> **Task requirements**
Restate the data word for word and leave the images out.

> **Source material**
------------

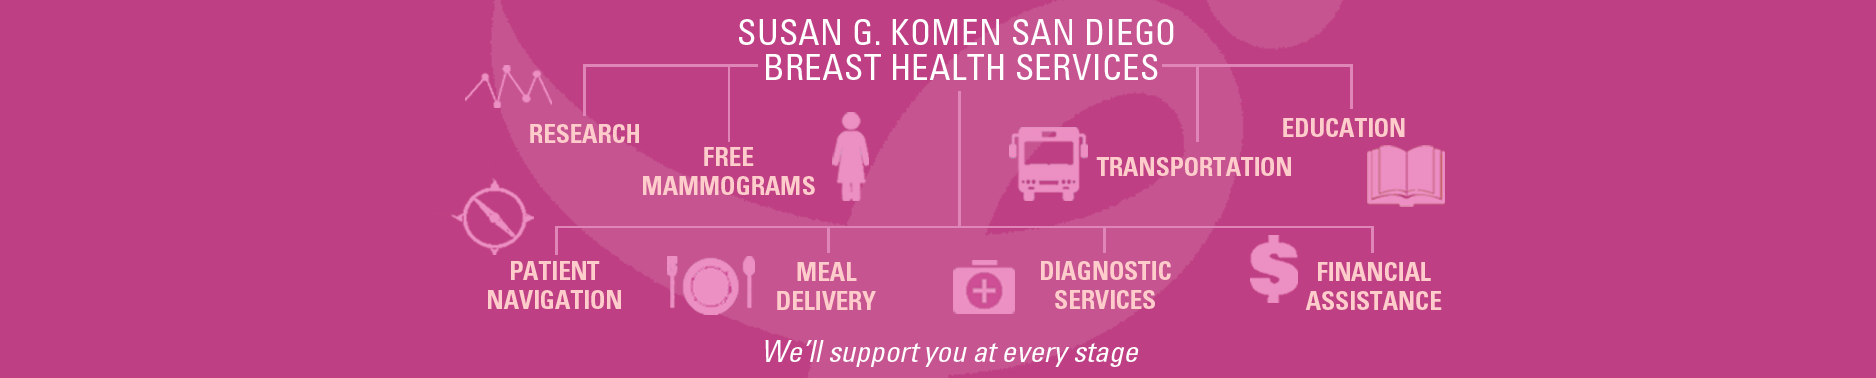 SGK_HealthServices_banner01102017
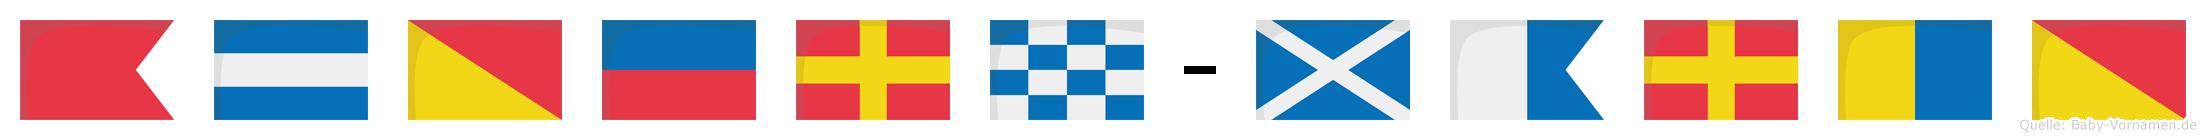 Björn-Marko im Flaggenalphabet
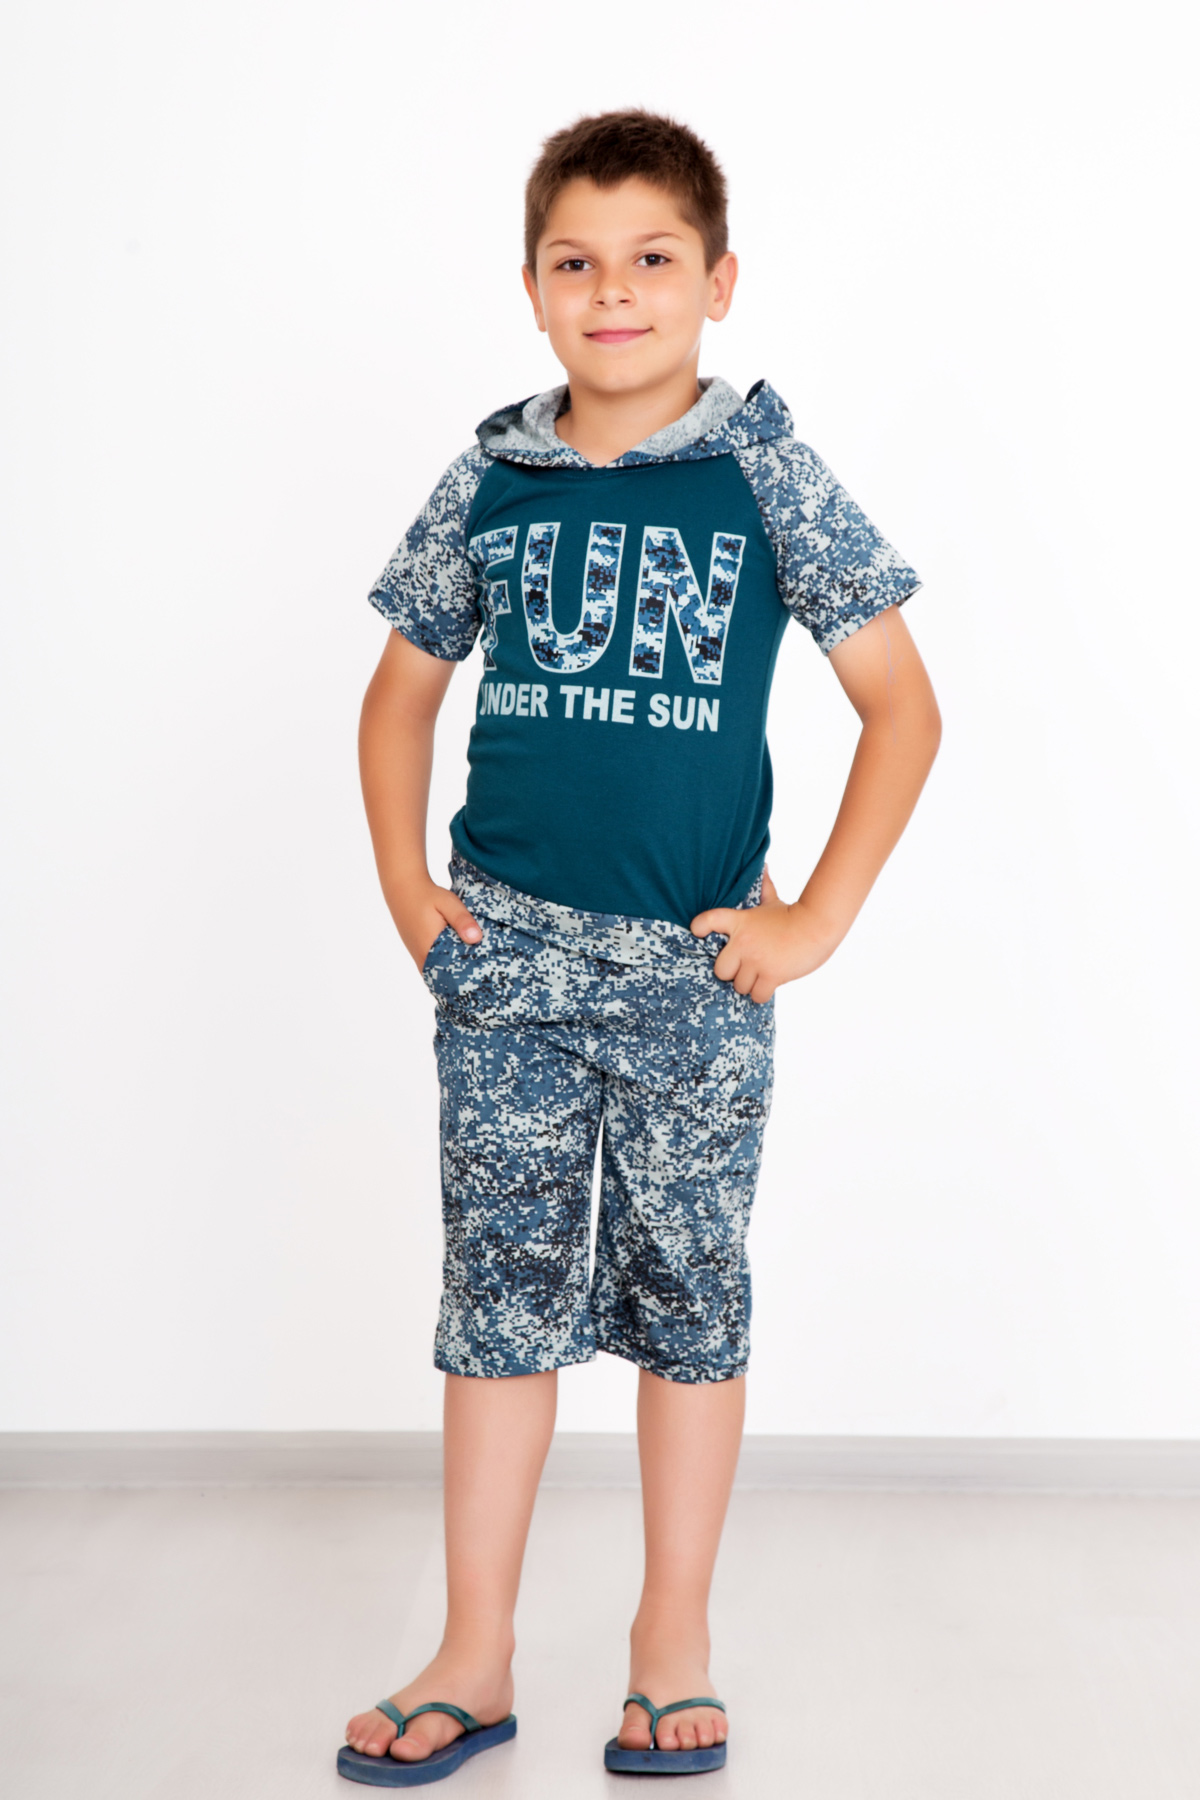 Дет. костюм Ким р. 30Костюмы<br><br><br>Тип: Дет. костюм<br>Размер: 30<br>Материал: Кулирка
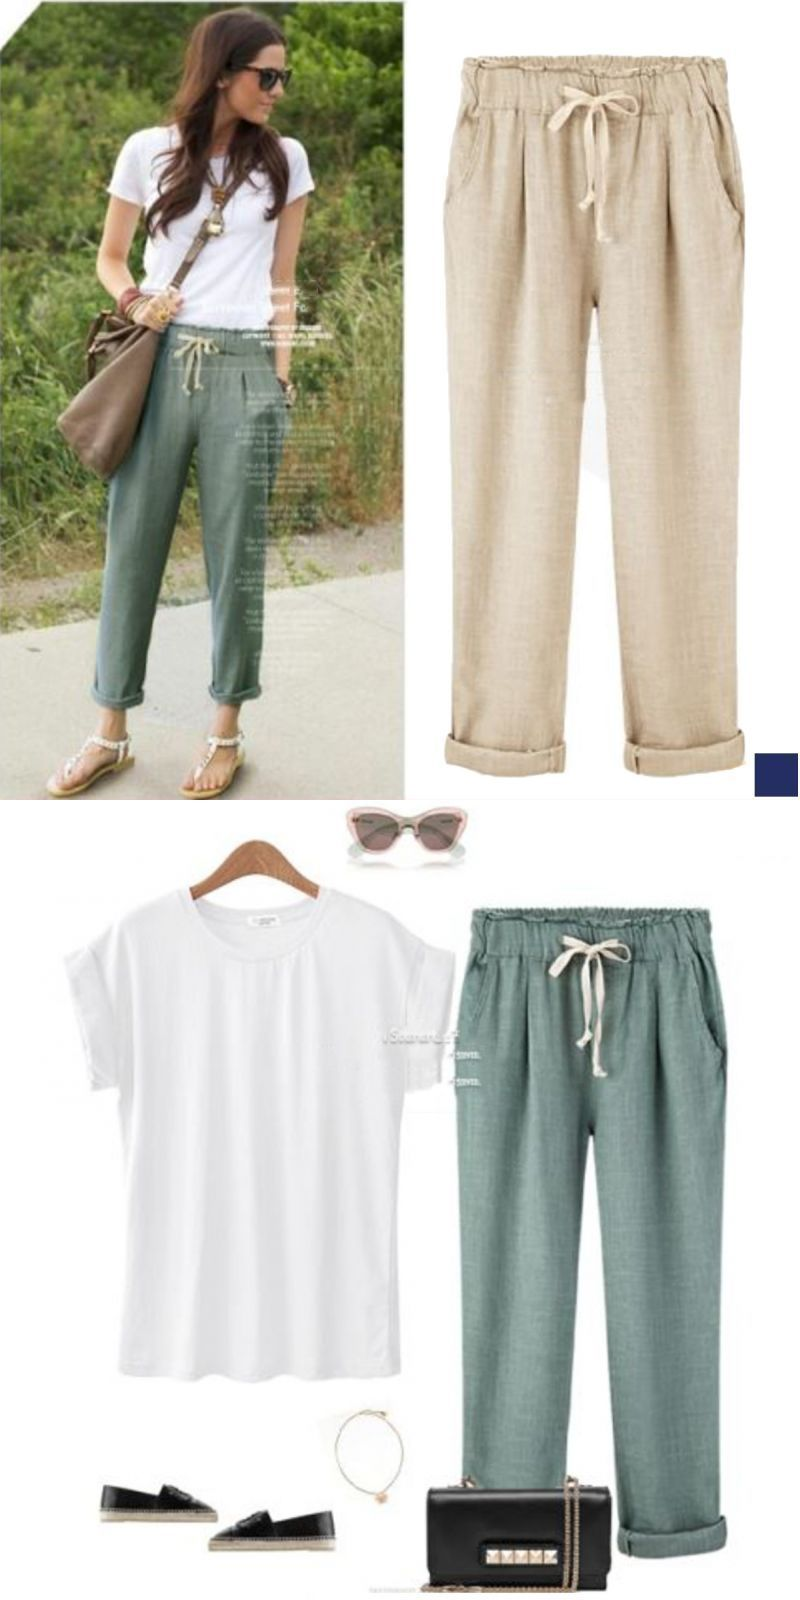 f9fc35be95df93 Elastic waist breathable cotton pants in 3 colors yoga capris for women  #cotton #ankle

------------

> **Expected answer**
 SGK_HealthServices_banner01102017
 Björn-Marko im Flaggenalphabet
 Дет. костюм Ким р. 30Костюмы<br><br><br>Тип: Дет. костюм<br>Размер: 30<br>Материал: Кулирка
 f9fc35be95df93 Elastic waist breathable cotton pants in 3 colors yoga capris for women  #cotton #ankle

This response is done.